When I click "more" it shows the following tabs to enter in to:

Account name
Email address
Password
Login ID
My Name
Mailbox type IMAP4 or POP3 are the options
Delete from server (off/on)
Download options (Header/all)
Outgoing mail server
SMTP Port #

SMTP SSL (off/on)
Incoming mail server
Incoming server port#
Incoming SSL (ON/off)
SMTP Authentication (On/off)

when smtp authentication is on there is:
SMTP User Name
and SMTP Password



I have a gmail account, and have been trying to log in but after refreshing there is never any emails in there...

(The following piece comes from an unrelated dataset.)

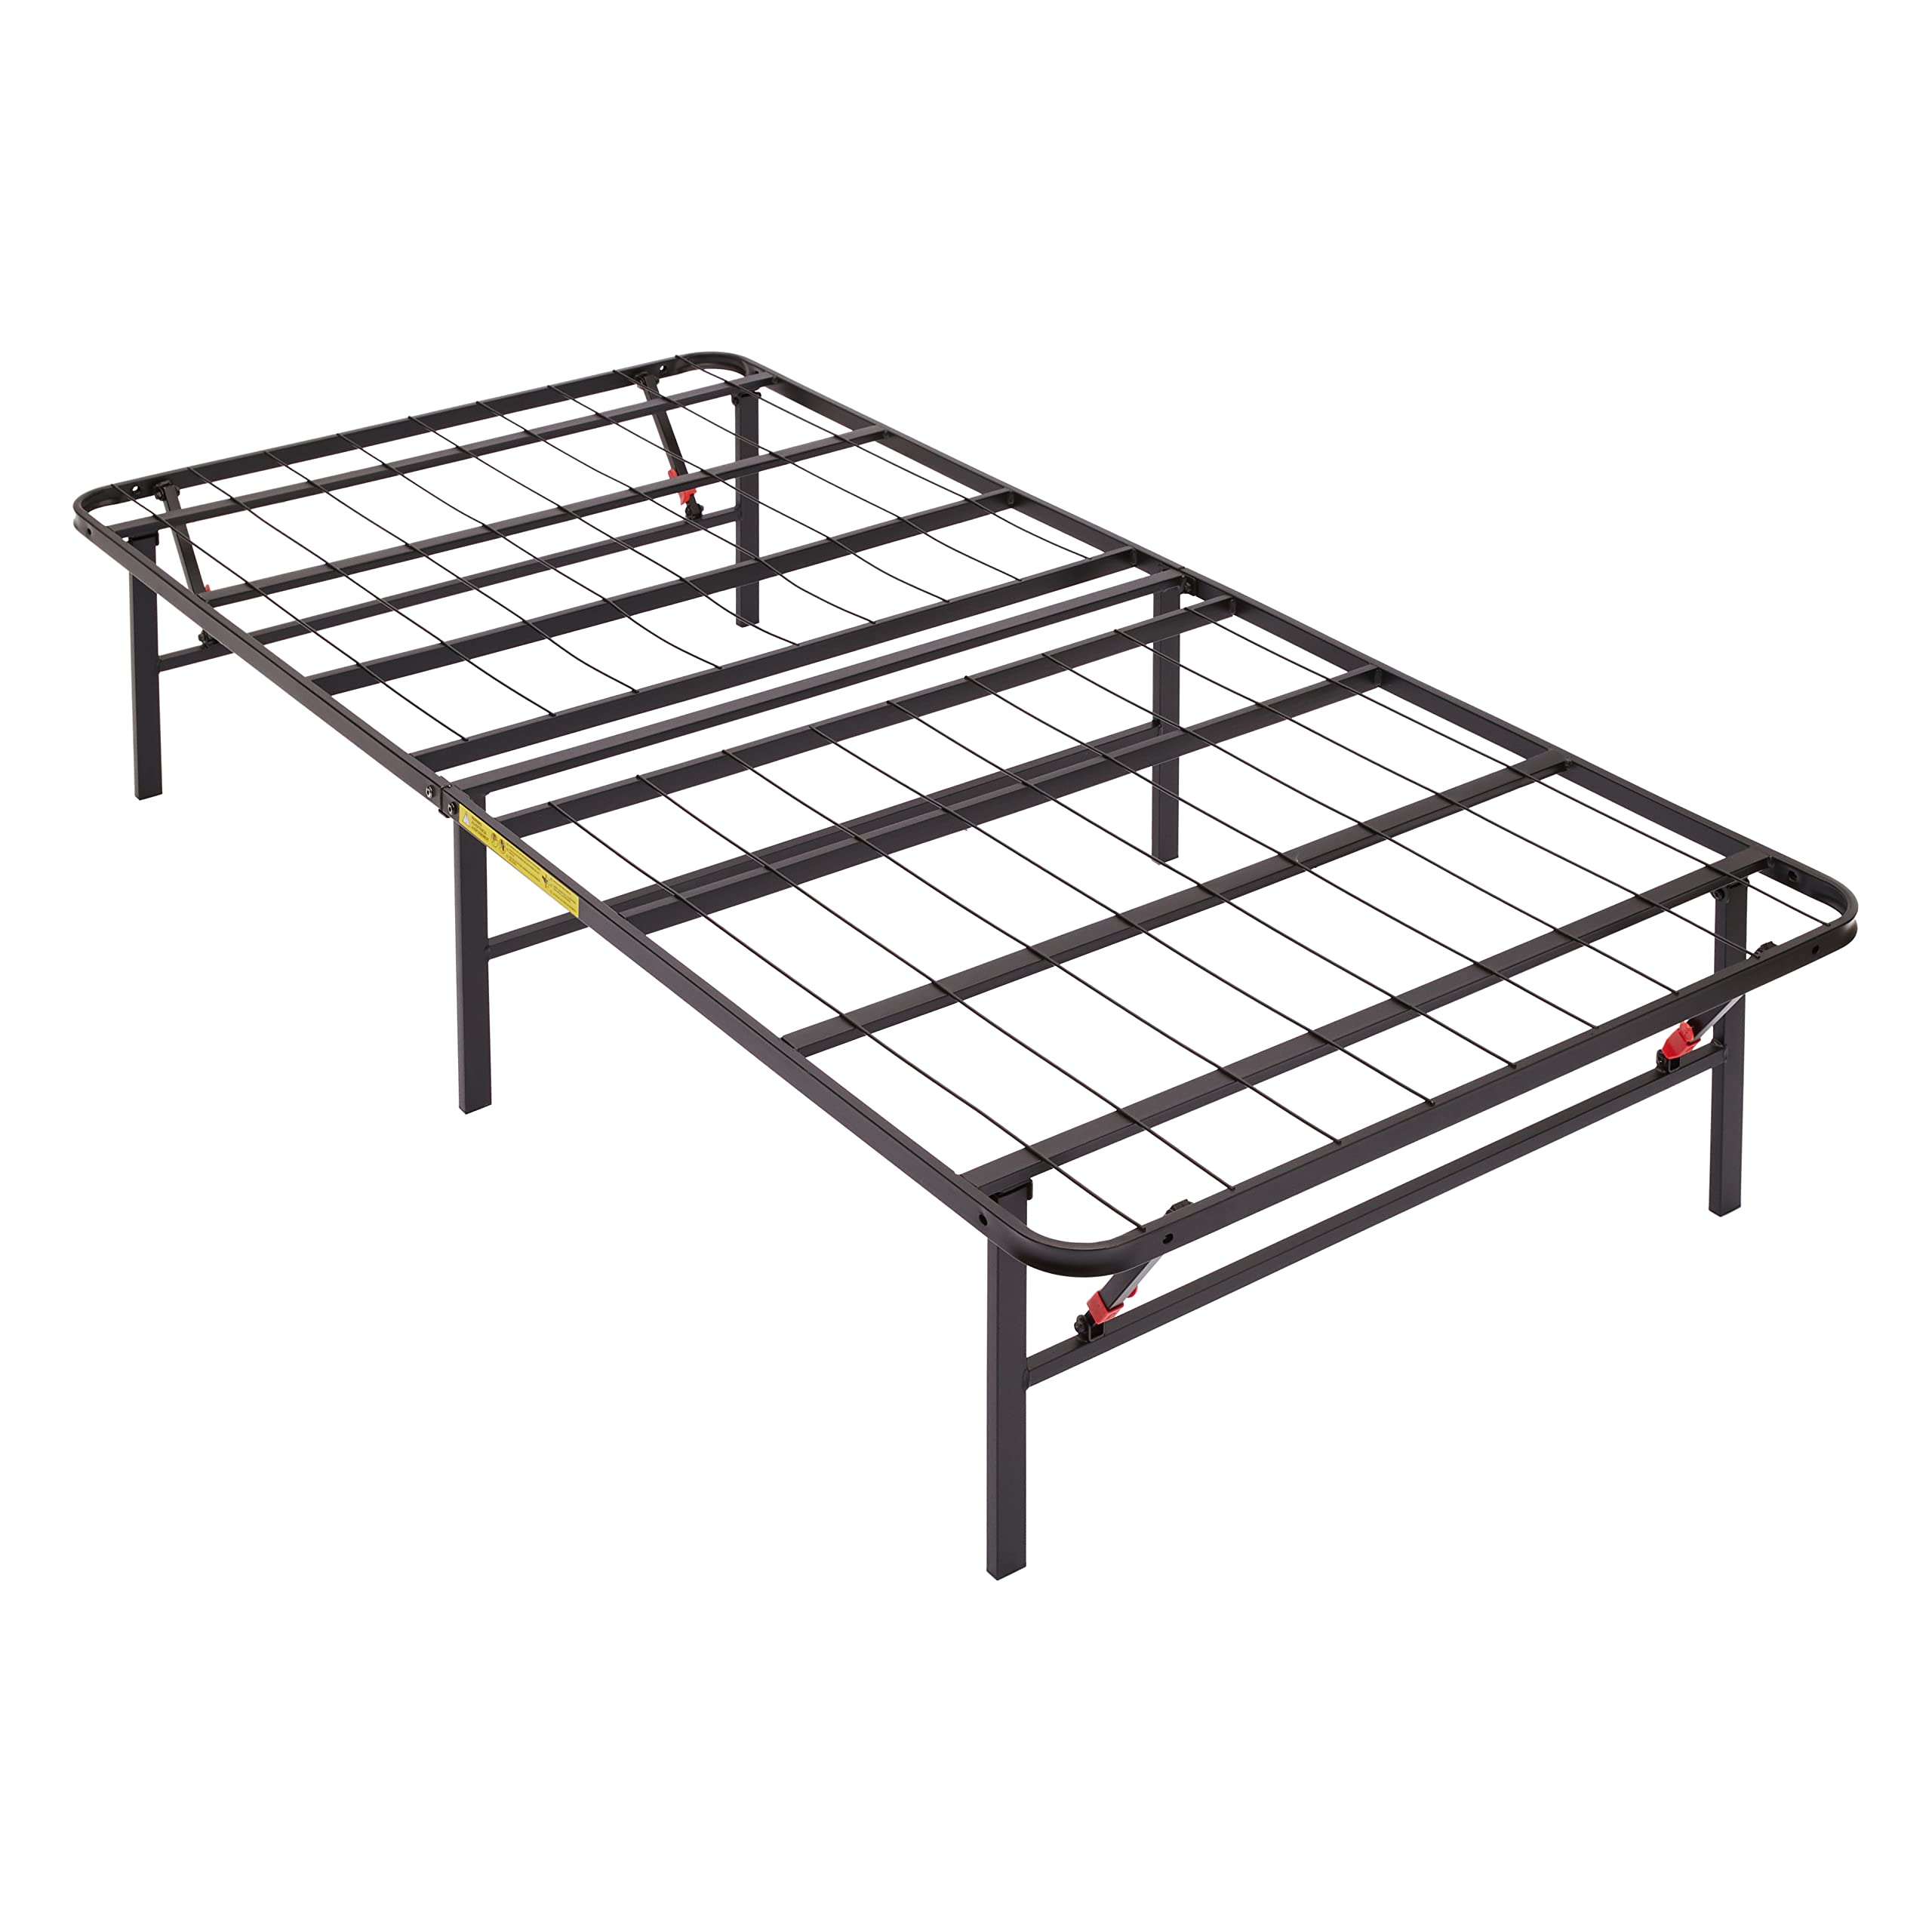 Book Cover Amazon Basics Foldable Metal Platform Bed Frame with Tool Free Setup, 14 Inches High, Twin XL, Black Twin XL 14-Inch

Anybody know the magic combination of inputs that will get it to work?

Thanks in advance.


----------



## britekguy (Oct 25, 2019)

You should set up your Gmail account using IMAP, and since this is an older flip phone you will have to set it up manually.

See: 
*Here Are the IMAP Settings You Need to Set up Gmail*
and
*Check Gmail through other email platforms - Gmail Help*

for the values you are going to have to enter in those various items. It will be tedious since the phone does not have an alphanumeric keypad. You're going to have to go old school and use the number keys, struck repeatedly, along with the *, #, and 0 to generate the characters you need.


----------



## flipphoneguy (Nov 23, 2019)

Thanks so much!

However, I tried that and when I refresh it says "Unknown certificate-continue?"
and it still won't load any emails.

Any ideas how to fix this?

ty


----------



## flipphoneguy (Nov 23, 2019)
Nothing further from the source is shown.